### Data shown

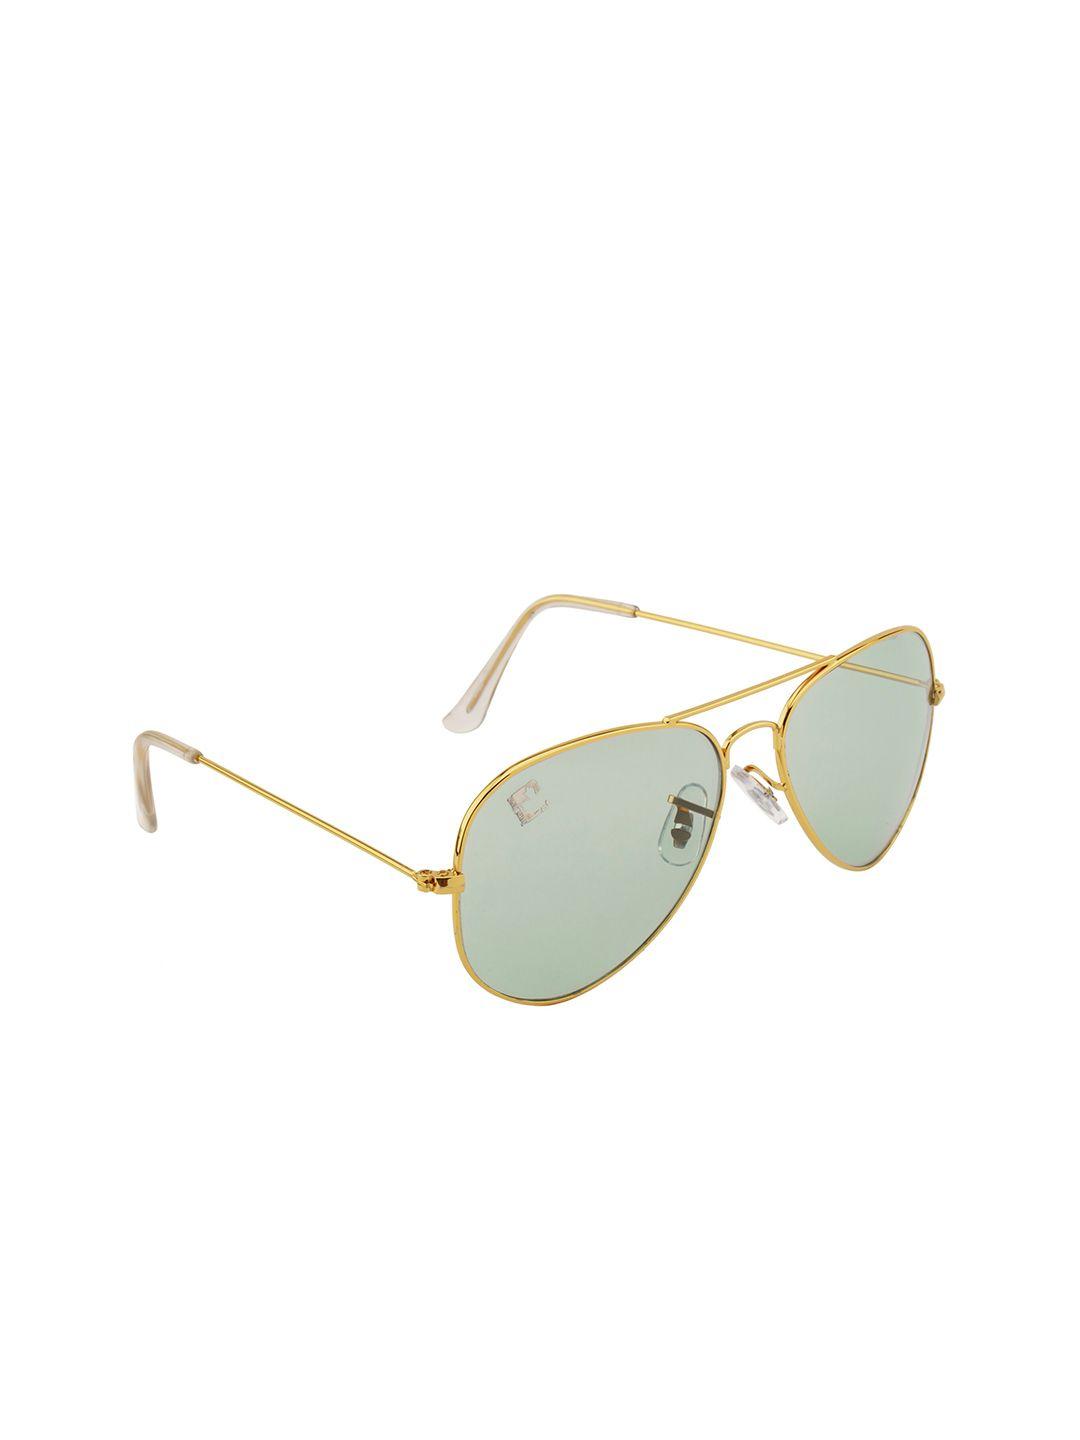 clark n palmer unisex green lens & gold-toned aviator sunglasses with uv protected lens
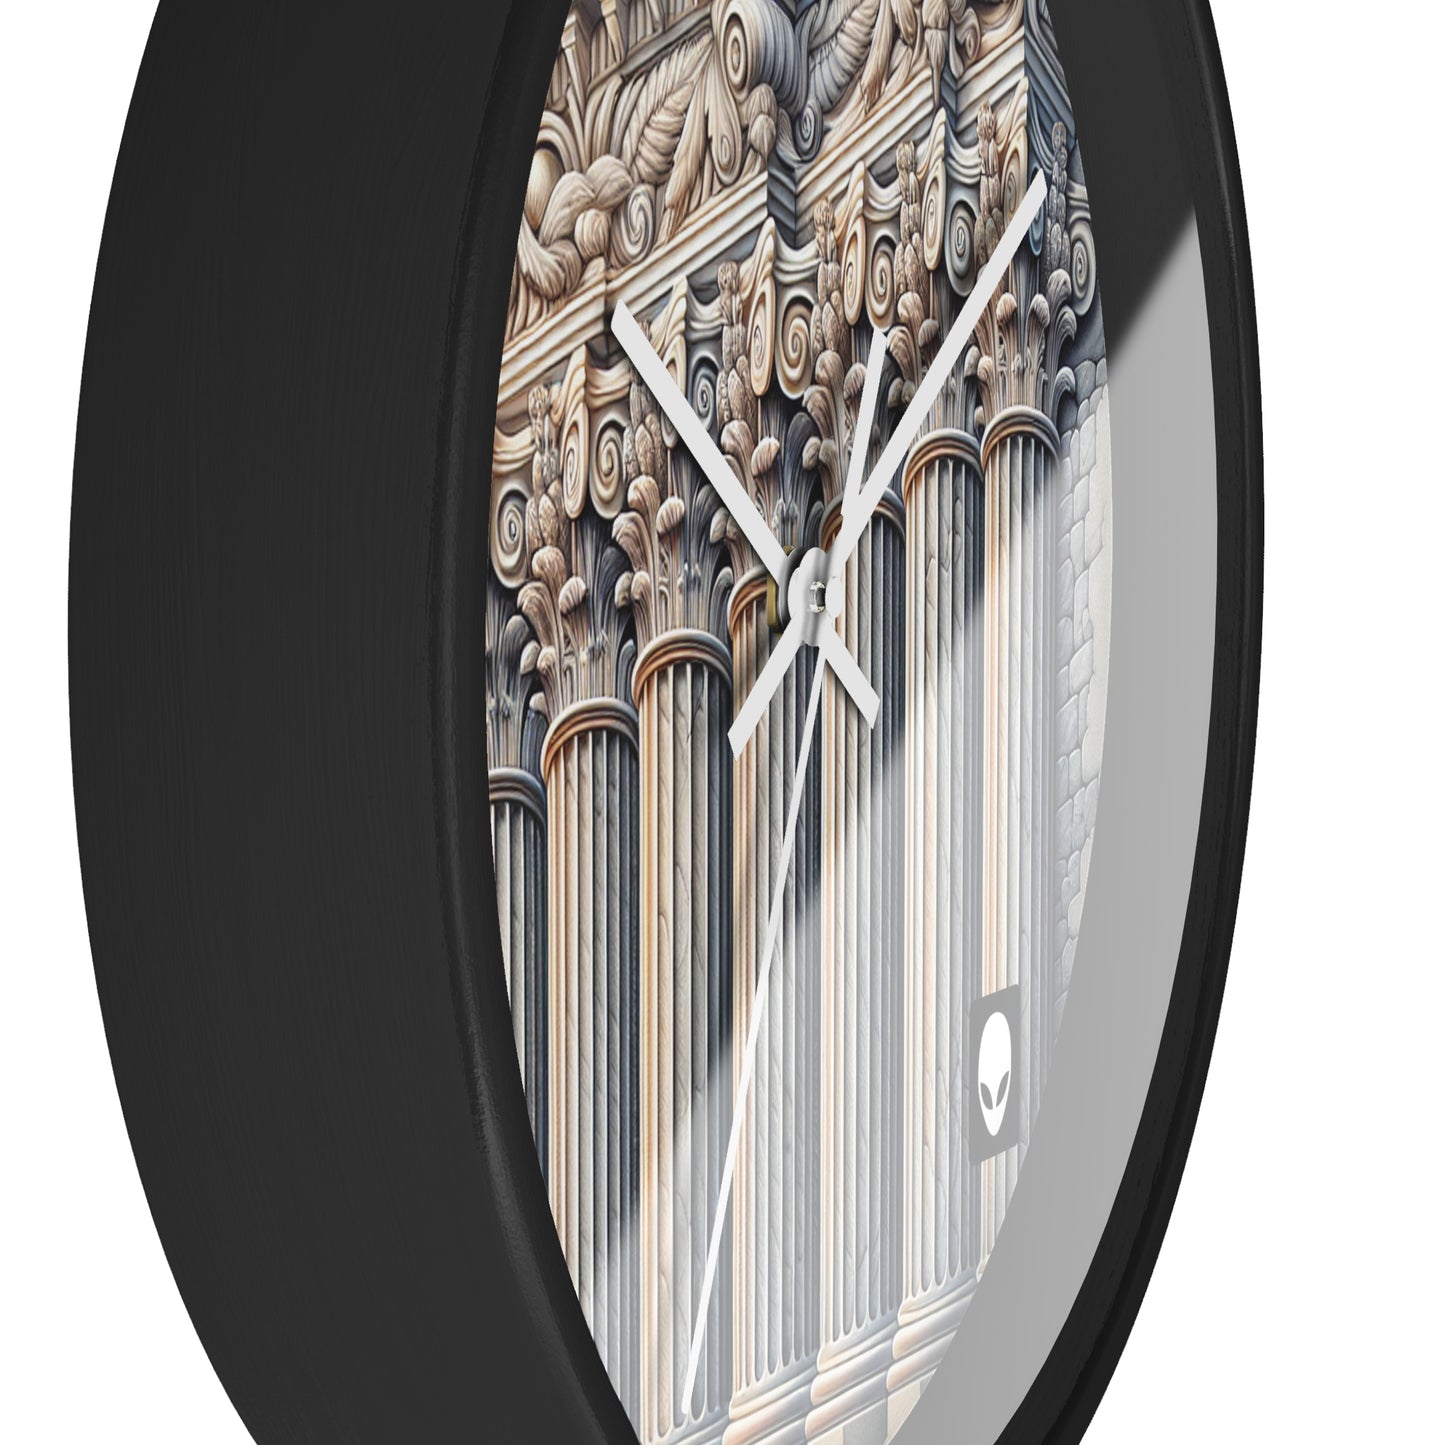 "Columnas de pared 3D: una obra de arte arquitectónica": el reloj de pared alienígena estilo trompe-l'oeil
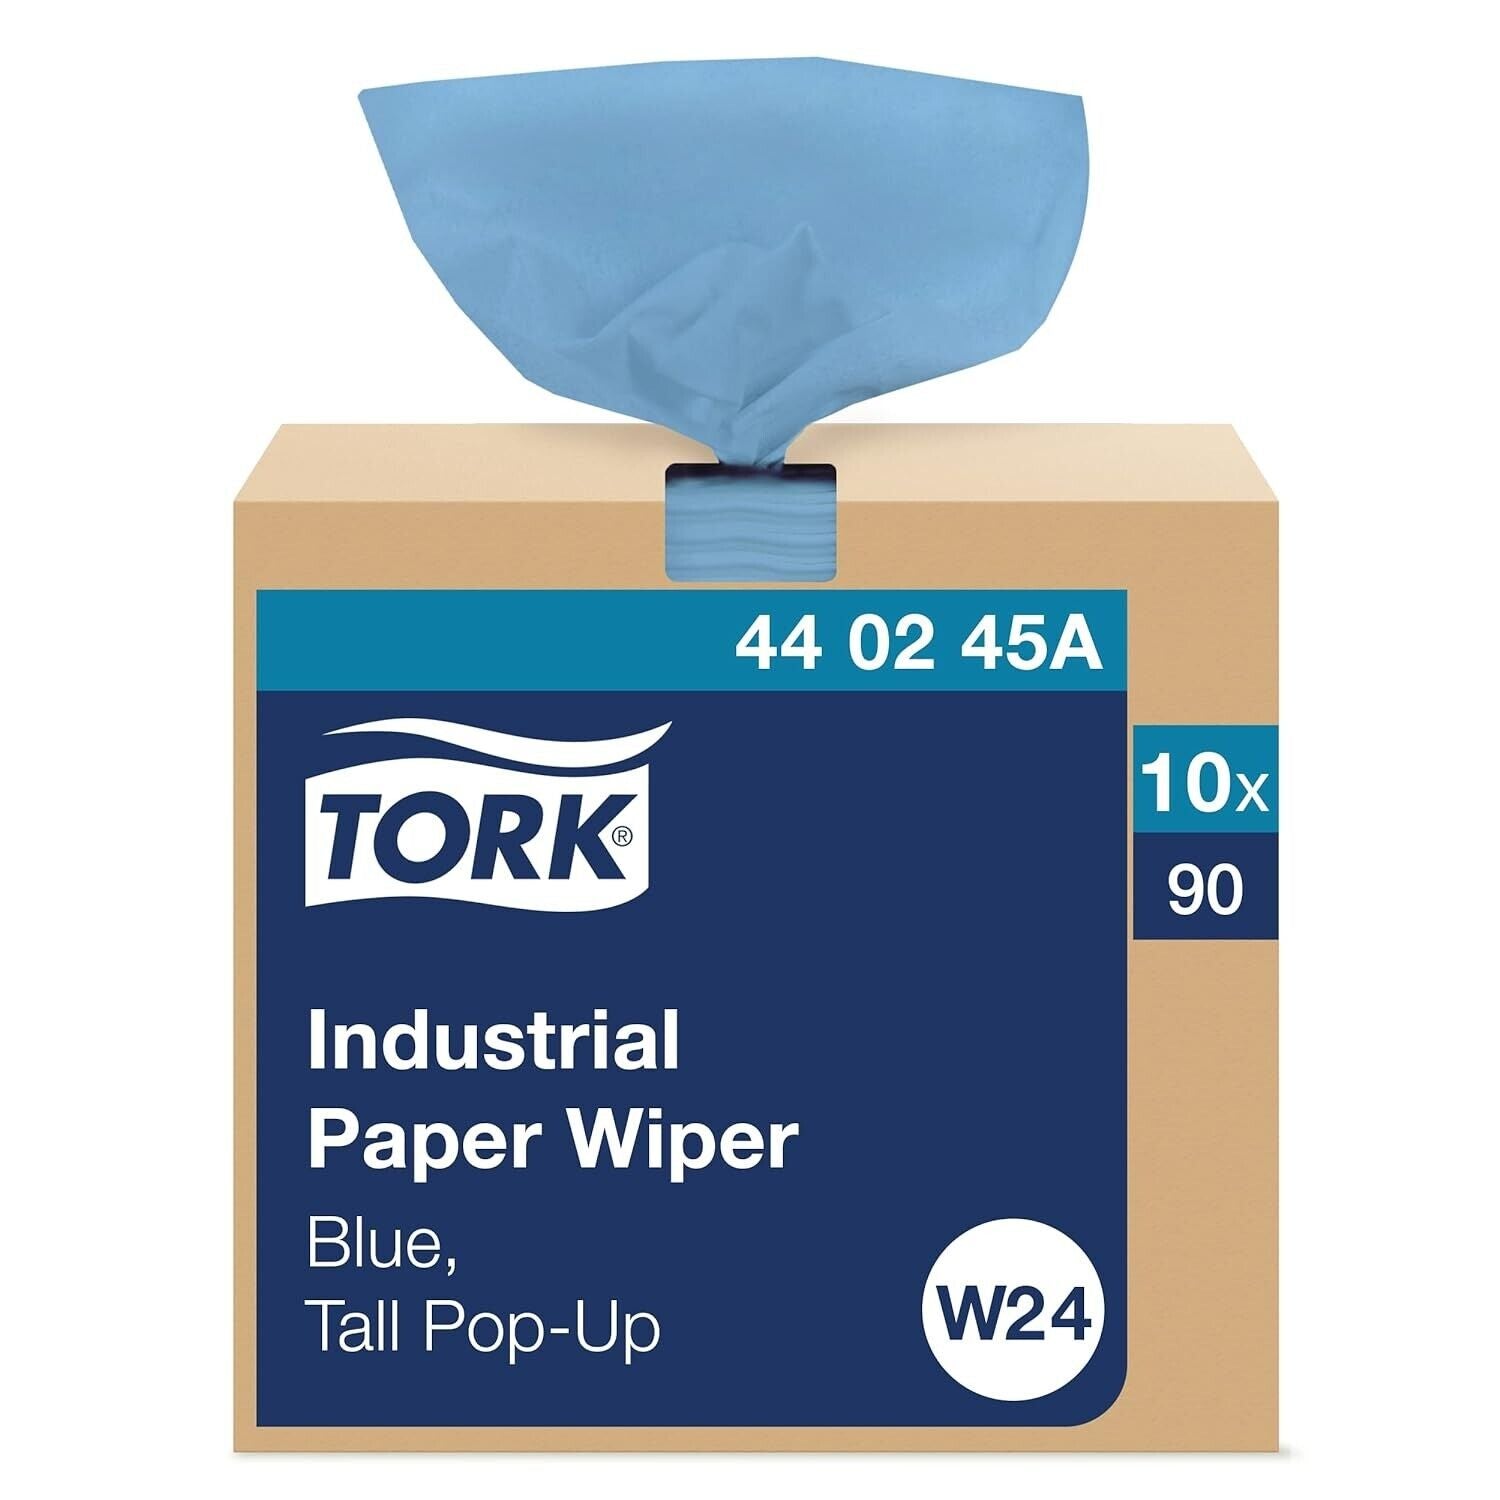 TORK INDUSTRIAL PAPER WIPE PAPER TOWEL 44 02 45A

######

■ Exercise directions
Since the pictures are not wanted, write out the rest of the data exactly as it reads.

■ Answer for the task
 clark n palmer unisex green lens & gold-toned aviator sunglasses with uv protected lens
 "Columnas de pared 3D: una obra de arte arquitectónica": el reloj de pared alienígena estilo trompe-l'oeil
 TORK INDUSTRIAL PAPER WIPE PAPER TOWEL 44 02 45A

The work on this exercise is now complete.